The house-key paused as if he were rummaging in the bottom of his memory.
“I propose,” he then continued, “that you lie down and put out
the light. I can tell the story better in the dark.”
And I did as he wished.
“I have never seen a handsomer youth,” began the narrator, “than
the one I am now going to tell you about. Everybody liked him,
and so did I, although through him I have often been placed in a
very awkward position. At that time he was a boy of about ten
years, and looked roguishly out of a pair of large brown eyes. I
was in the service of his parents, but had not yet come in
contact with the merry Willie. So I was all the more delighted
when the little fellow took me down one day from the nail, put me
in his pocket and carried me out-doors. When we reached the city
park he took me out and showed me to some boys who were his
playfellows. The oldest one turned me over and over, looked into
my mouth, and pronounced me fit to be used. For what purpose I
learned soon enough. The boy took a file out of his pocket and
began to rasp me, so that sight and hearing left me. When he had
made a deep wound in me, he poured a black powder inside me and
placed a wad of paper on top.”
“Aha!” said I, interrupting the narrator, “so you became a key-pistol.”

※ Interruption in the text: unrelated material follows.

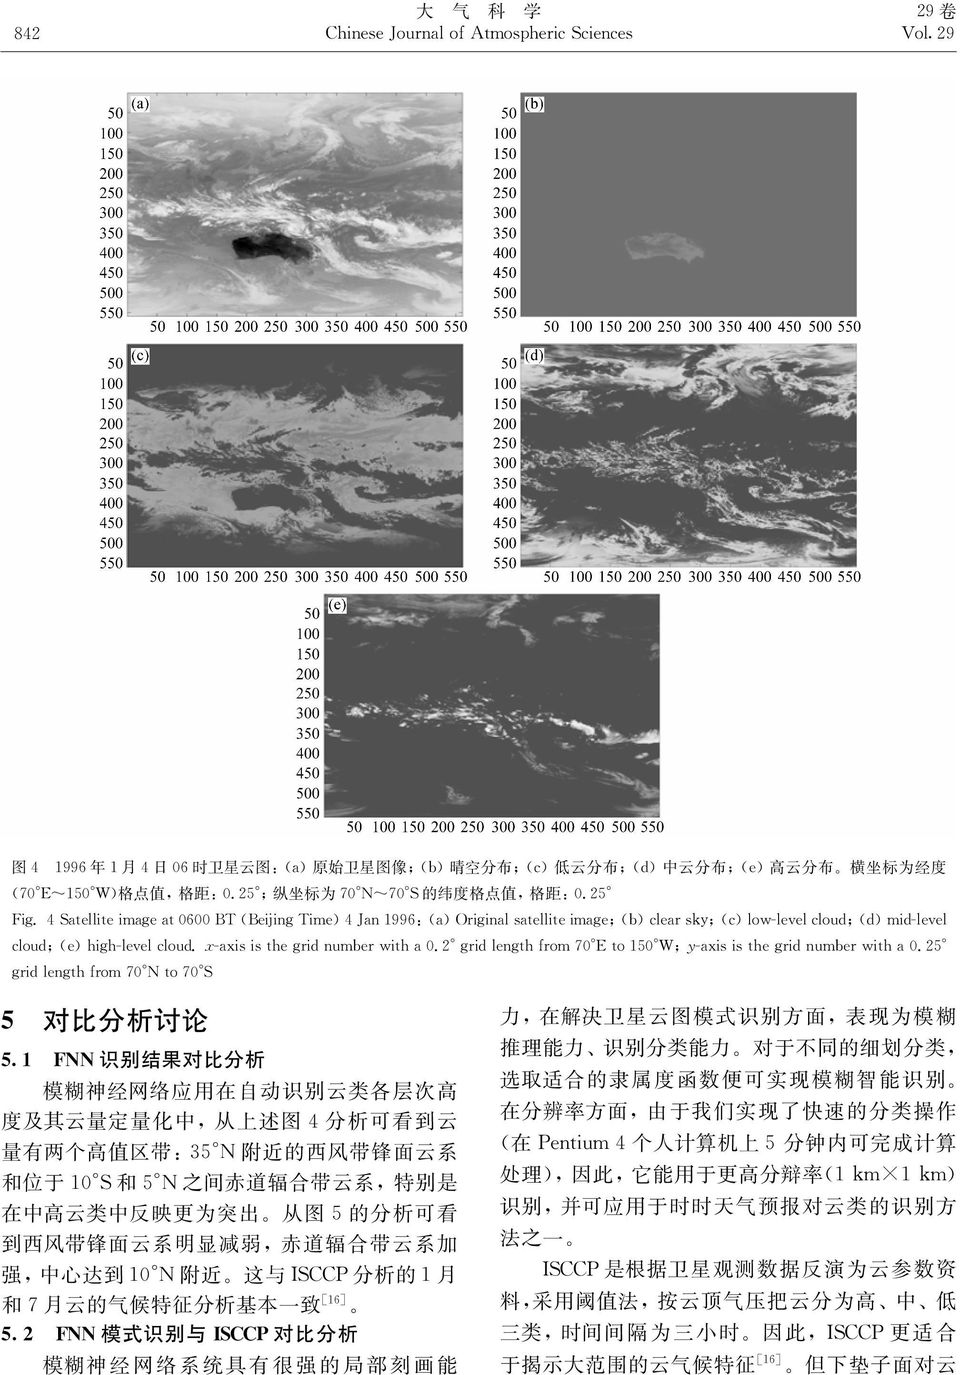 之 间 赤 道 辐 合 带 云 系 特 别 是 在 中 高 云 类 中 反 映 更 为 突 出 从 图 的 分 析 可 看 到 西 风 带 锋 面 云 系 明 显 减 弱 赤 道 辐 合 带 云 系 加 强 中 心 达 到. 附 近 这 与 % 分 析 的 月 和 月 云 的 气 候 特 征 分 析 基 本 一 致 -*)& 模 式 识 别 与.

“Yes, a key-pistol. I, the house-key of house No. 9 Heaven's
Gate. But,—
His days indeed are wisely spent,
Who with his station is content;
and I determined to do honor to mine. Without trembling I awaited
the burning slow-match, and —crack!— flew the charge out of my
mouth, so that the sparrows in the park flew off, seized with
sudden fright.
“The crowd of boys too fled in alarm, but the cause of their
sudden fright was not myself, but a man, who wore a blue coat
with brass buttons, and on his white belt a sword. Unnoticed he
had emerged from behind the elder-bushes, and with the cry, 'I've
got you, you rascals!' he made a dash at the boys. To be sure, he
didn't get near them, for they had already reached a place of
safety, but I, the innocent one, was seized and taken away.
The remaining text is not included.